Iraq: May 9, 2004


Gunmen loyal to Muqtada al Sadr are getting nervous, as public support, which was never very strong to begin with, turns to public hate. American troops have been arresting leaders of al Sadrs militia throughout the Shia areas of Iraq in the last few days. In most cases, the al Sadr gunmen flee rather than fight to protect their leaders. Some al Sadr men in Basra tried to seize more government buildings, but were driven off by British troops and chased back to residential areas where gunfire could be heard for hours. The strategy appears to be that the Shia leadership (civil and religious) will continue negotiating with al Sadr for his surrender, while coalition troops dismantle the al Sadr militias that have sprang up in many Shia neighborhoods. One good thing that has come out of the al Sadr experience is to convince many Iraqis that the independent militias are a bad thing. While it can be thrilling, at first, to march through the streets behind a bunch of young guys with guns, it soon turns ugly when the guys with guns start to throw their weight around and turn into capricious bullies. 

Fallujah, which had become a refuge for all manner of Baath Party and anti-government gunmen and terrorists, is still blockaded by American marines. Patrols by the security forces recruited locally have gone on without much fuss. But the various gangs are still in and around the city. The Iraqi Fallujah Brigade apparently will not go looking for gunmen, but will just confront those who openly disturb the peace. Meanwhile, the gangs will use Fallujah as a base for attacks on coalition convoys and bases. The marines feel they may still have to go in and deal with the gangs. Eventually, someone, either from the coalition or Iraq, will have to kill or disarm the various Sunni, terrorist and criminal gangs in the Fallujah region. While the coalition would prefer that the Iraqis do it, there is a real fear that an Iraqi army, ordered in by an elected (by the majority Shia and Kurd) government, would simply level the city, with great loss of civilian life. 

The violence by Sunni and Shia gangs has caused about 30 percent of non-Iraqi aid workers to leave since April. They have been replaced by Iraqis. This is very popular with Iraqis, who see unemployment as a major problem and were dismayed at the number of foreigners who were brought in to do jobs that most Iraqis thought Iraqis could handle.
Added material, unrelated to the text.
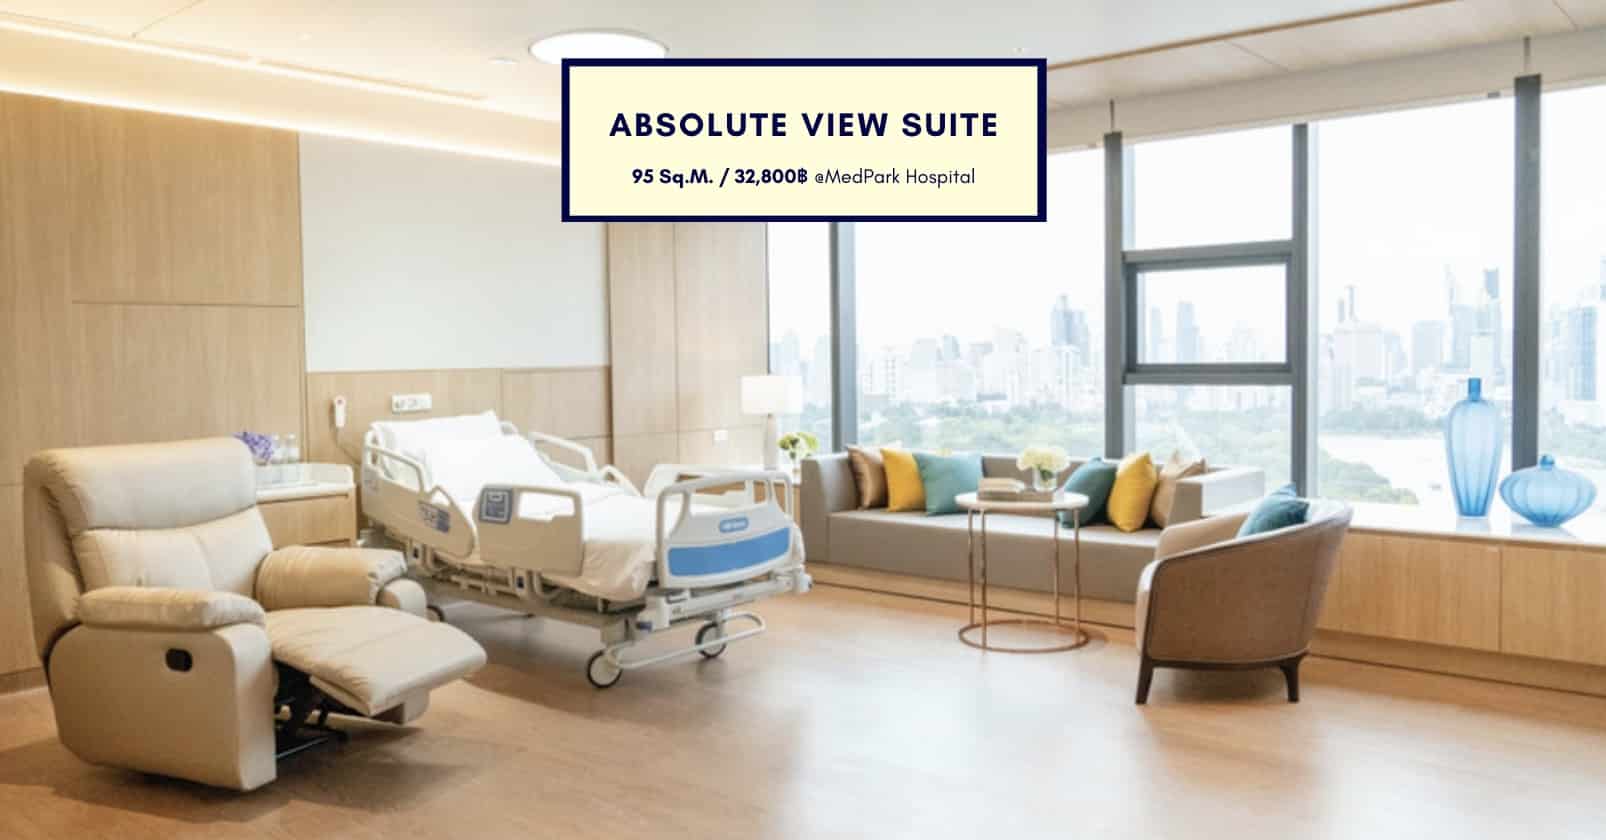 ห้อง Absolute View Suite โรงพยาบาลเมดพาร์ค
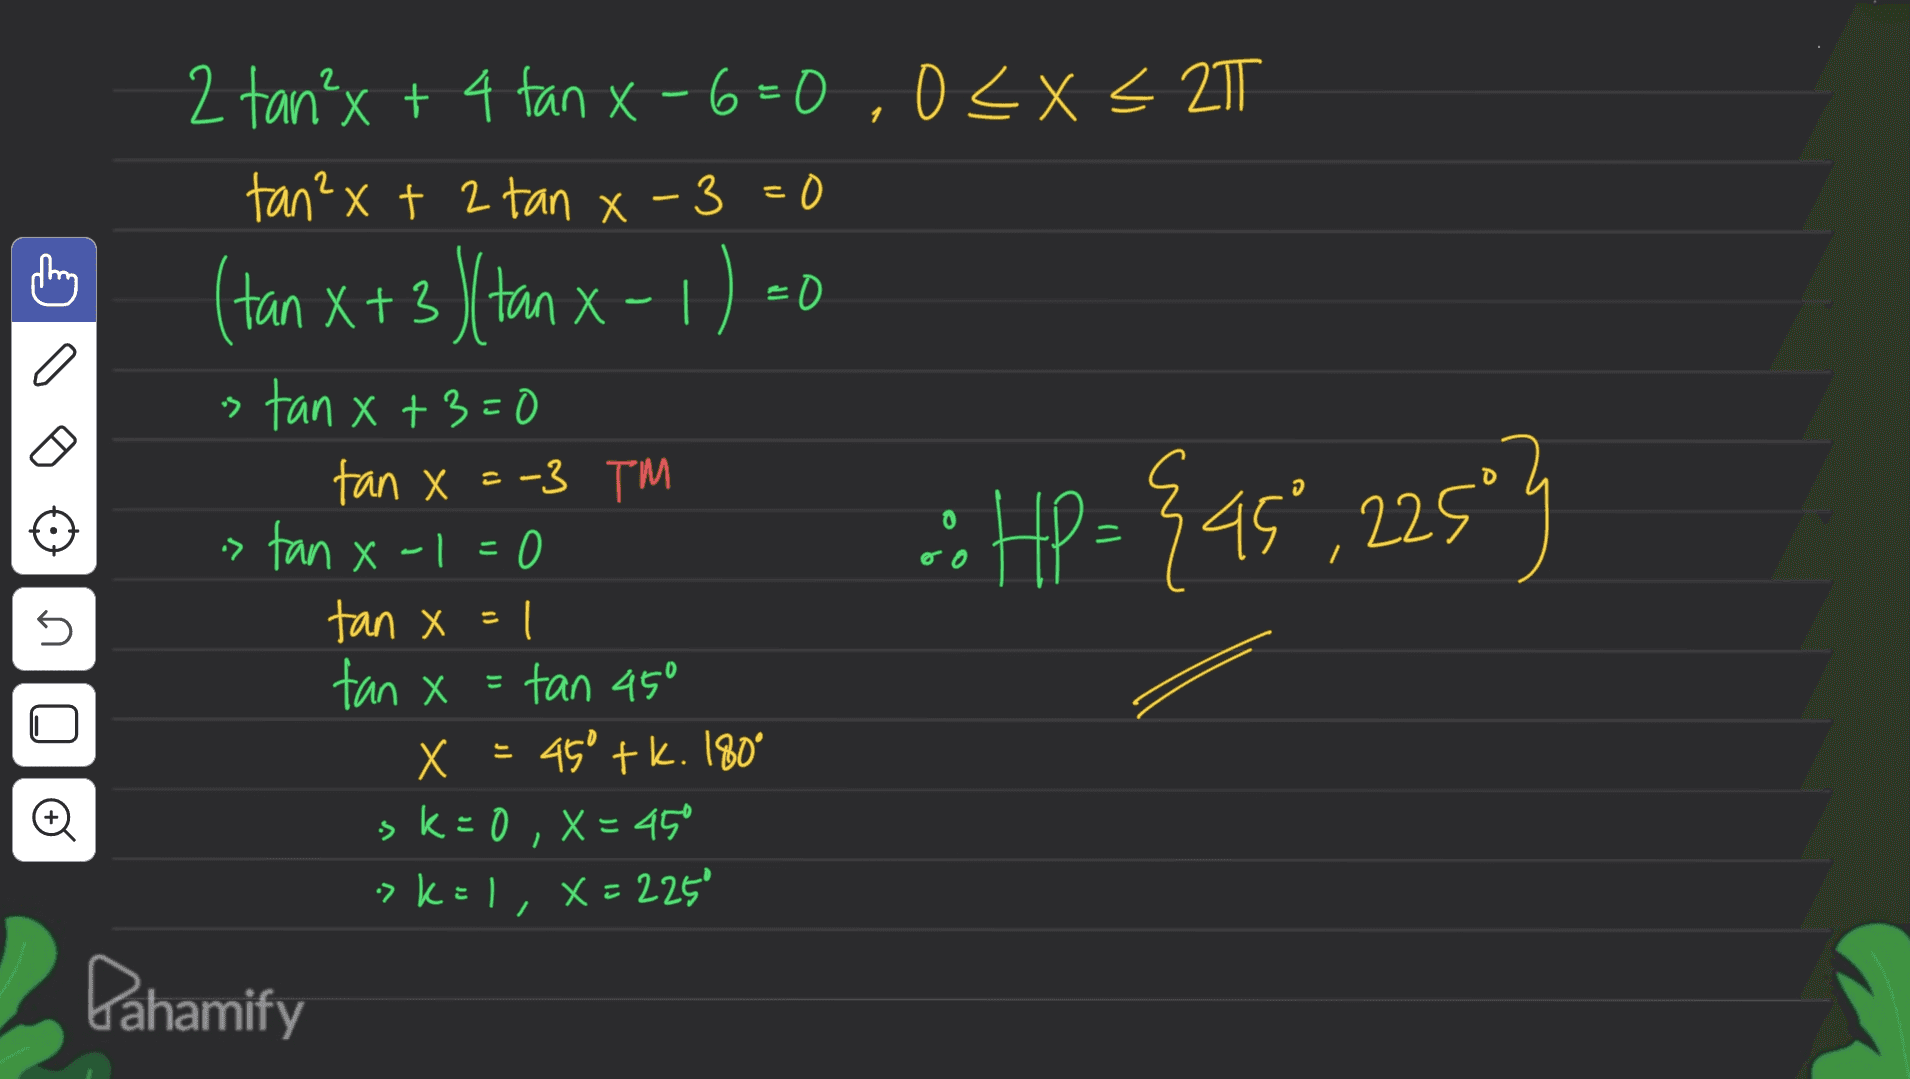 - (tan X+3 / tan x-1) 20 2 2 tan²x + 4 tan x-6=0,0<x< 2T Х tan²x + 2 tan x-3=0 x+3)( stan x +3=0 tan X=-3 TM tan x-1=0 tan x=1 tan x = tan 450 X x = 45° tk. 180 . ° sk=0 X= 45 kel, X = 2250 X a .: HP= {45",2251 :: / 5 © , - >k= Pahamify

There have been few, practically none, losses among the 6,000 Iraqis already working on reconstruction. This is despite the threats, and sometimes physical violence, by Baath Party thugs. Despite the headlines by the foreign press, most of Iraq has been quiet for the past few months. The Sunni Arabs were hostile to the coalition from the beginning, and foreign reporters could always get a colorful anti-coalition quote or demonstration by just going to a Sunni neighborhood and looking for Saddam supporters. There was, and is, real fear in these neighborhoods. But not fear of coalition troops, but of the Shia and Kurd troops that will appear when the coalition soldiers leave. This story angle is rarely pursued by the media. But the troops in Iraq know all about it, as it's a matter of life and death to know which neighborhoods are pro-Baath Party, and which ones are not.